А своей для народа у всех перечисленных поэтов была образность, сугубо народный многовековой поэтический образный строй, который одни — Разоренов, Суриков, Кольцов, Рыскин — впитали с молоком матери, а другие — Мерзляков, Садовников, Некрасов — обрели чутьем и знаниями, но и те и другие соединили с профессиональной поэзией. То есть фактически они создавали все те же народные песни, только в более отточенных формах. И это получалось уже не сближение господского и народного — это стало первым истинным слиянием того и другого. Именно в песне. Ибо интеллигенция, господа любили и пели их так же, как народ. Это уже были песни всех.
Кстати, тогда же из самого народа пришли и стали общенациональными такие песни, как «Глухой неведомой тайгою», «Вот мчится тройка почтовая», «Далеко в стране иркутской», «Липа вековая». Тоже ведь потрясающие, но, как всегда, без авторов…
«НЕВСКИЙ ПРОСПЕКТ»
От Ясной Поляны до старого Киевского шоссе всего полверсты.
Пятьдесят лет прожил рядом Лев Николаевич Толстой. Уже был автором «Войны и мира» и «Анны Карениной» и вдруг повадился ходить на это шоссе. С апреля 1879 года чуть ли не каждое утро, после завтрака объявлял домашним, что отправляется на «Невский проспект» — так прозвал это шоссе, — или в «гранд монде», то есть в великосветское общество — и туда. К обеду чаще всего не возвращался, бывало, что и не ужинал, и появлялся совсем запоздно, весь в пыли и, страшно всегда довольный, сообщал, что встретил удивительного или удивительную и дошел с ними до Тулы.
По этому шоссе испокон века шли богомольцы, странники, калики перехожие, бродяги, нищие. В одну сторону — на Киев, в Оптину Пустынь, к Тихону Задонскому, в Палестину, в старый Иерусалим, в другую — в Москву, к Троице-Сергиевой лавре, на Соловки. Тропы обочь дороги были убиты до полной каменности. Шли постоянно, от света до света.
У русских ведь этот бродячий странничий дух в самой крови, всех нас всегда куда-то неудержимо влечет и тянет, всем нам иногда вдруг безумно хочется все бросить и уйти незнамо куда и идти и идти по нашим бесконечным дорогам, упиваясь нашими просторами и ожидая чего-то. Чего?

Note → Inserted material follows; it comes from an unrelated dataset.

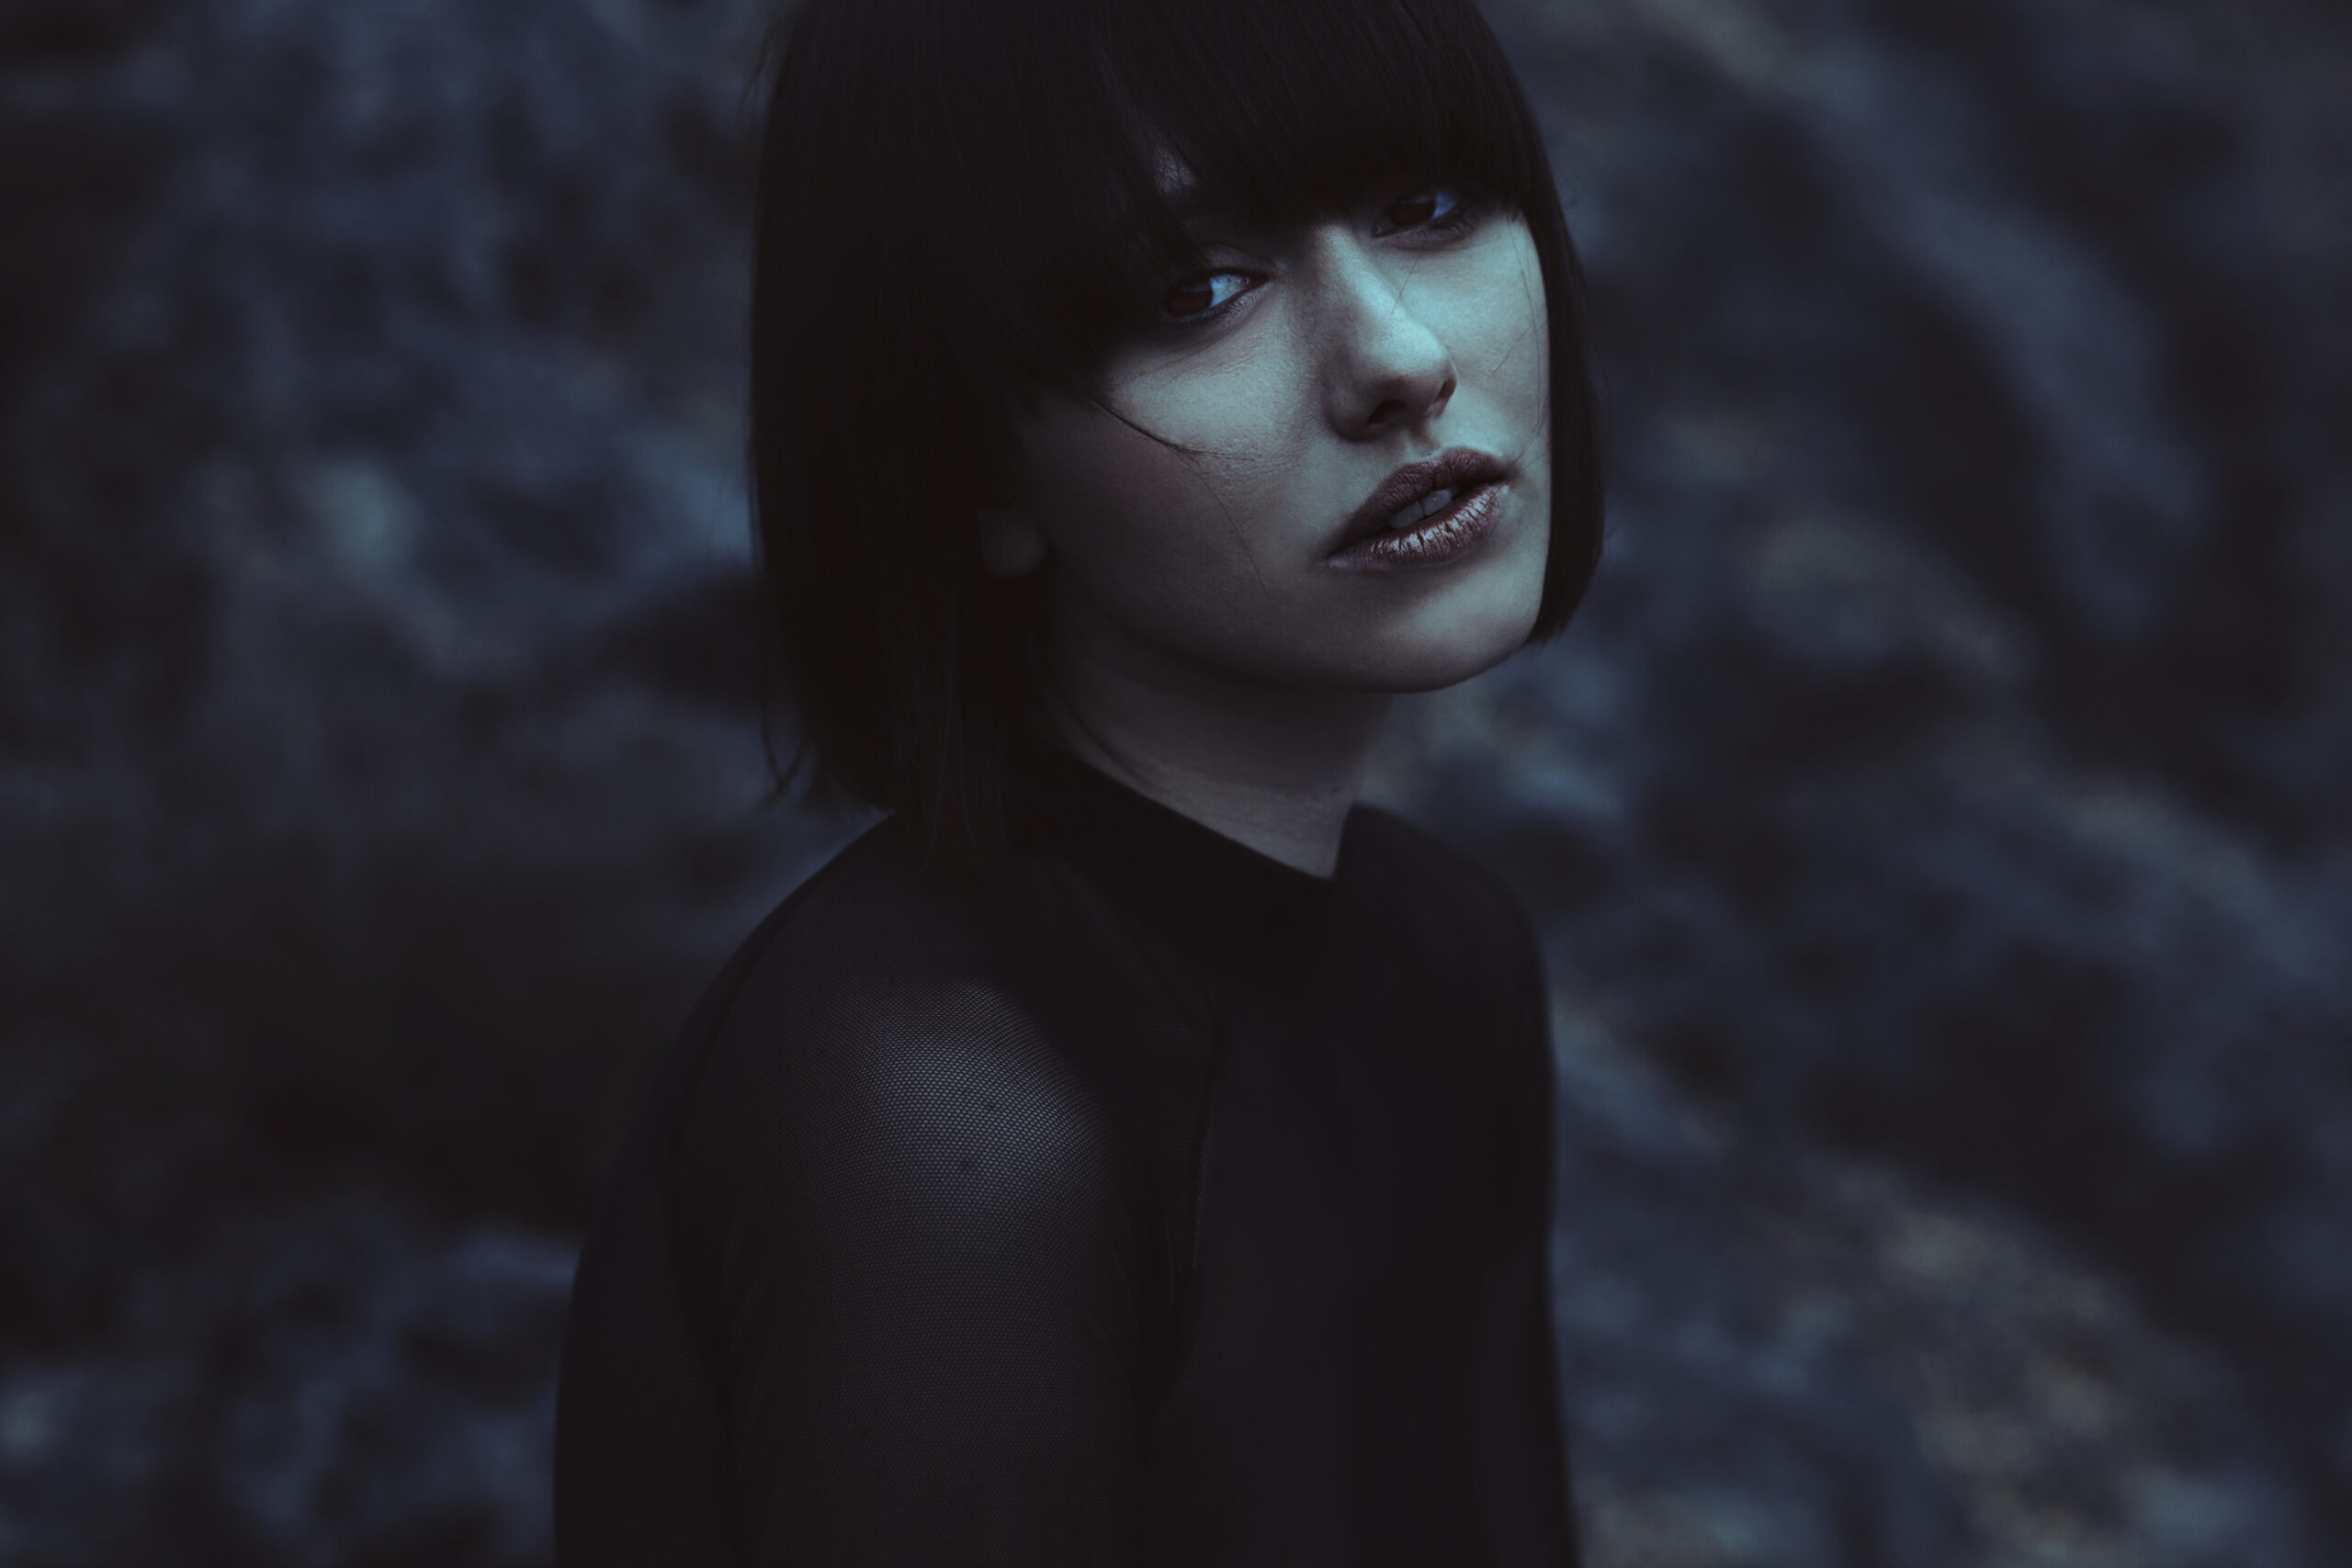 Sara Mun Weronikka Duszynski FineArt

Истых богомольцев-паломников среди идущих было меньше всего, в основном именно чего-то ожидающие и ищущие. Толстой сразу их различал. Стоял у дороги или тоже шел и вглядывался. Кто заинтересовывал, с теми и заговаривал, расспрашивал. Люди и судьбы попадались захватывающие, редчайшие — с такими и доходил до Тулы. И все время вслушивался в речь каждого, в язык всего этого люда. И, приходя домой, именно по языку больше всего тогда и записывал: слова, обороты, целые диалоги.
Болел тогда языком, тяжко мучился, считая, что русский литературный язык вовсе не русский, а какой-то испанский (так и писал — испанский!), ибо народ-то говорит совсем на другом. И на «Невский проспект» ходил учиться ему. Долго ходил.
Это уже после «Войны и мира»-то. После «Анны Карениной»!
Тогда же вовсю штудировал творения протопопа Аввакума, делая из них многочисленные выписки.
«К другому языку и приемам (он же и случился народный) влекут мечты невольные…»
А когда прознал, что в столицах должен появиться Василий Петрович Щеголёнок, которого ему уже довелось однажды услышать в Москве, попросил знакомых непременно прислать его в Ясную Поляну.
Но оказалось, что того где-то перехватил Савва Иванович Мамонтов и увез к себе в Амбрамцево.
Рыбников и Гильфердинг, записи которого вышли после его кончины в 1873 году, сделали Рябинина и Щеголёнка известными всей действительно просвещенной России. Их пригласили в Петербург и Москву, и оба приезжали по отдельности, без конца выступали в частных домах, в художественных и научных обществах, и потрясенная совершенно неведомым ей дотоле искусством публика буквально рвала их друг у друга из рук, хотела слушать и слушать. Если бы сами не умотали в свои Середку и Боярщину, неизвестно, до чего бы и дошло, — так всех ошеломили-околдовали.
А Василий Петрович восвояси даже и пешочком утопал, от всякого транспорта отказался, заявив, что «своим ходом потеплее будет».
И вот снова объявился.
В Абрамцеве тоже, конечно, пел ежедневно. А еще художник Илья Ефимович Репин писал там с него красками портрет. Ему понравилось — как живой представлен. И другие разные художники, гости Мамонтова, списывали, но карандашами, не в красках. У всех был похож.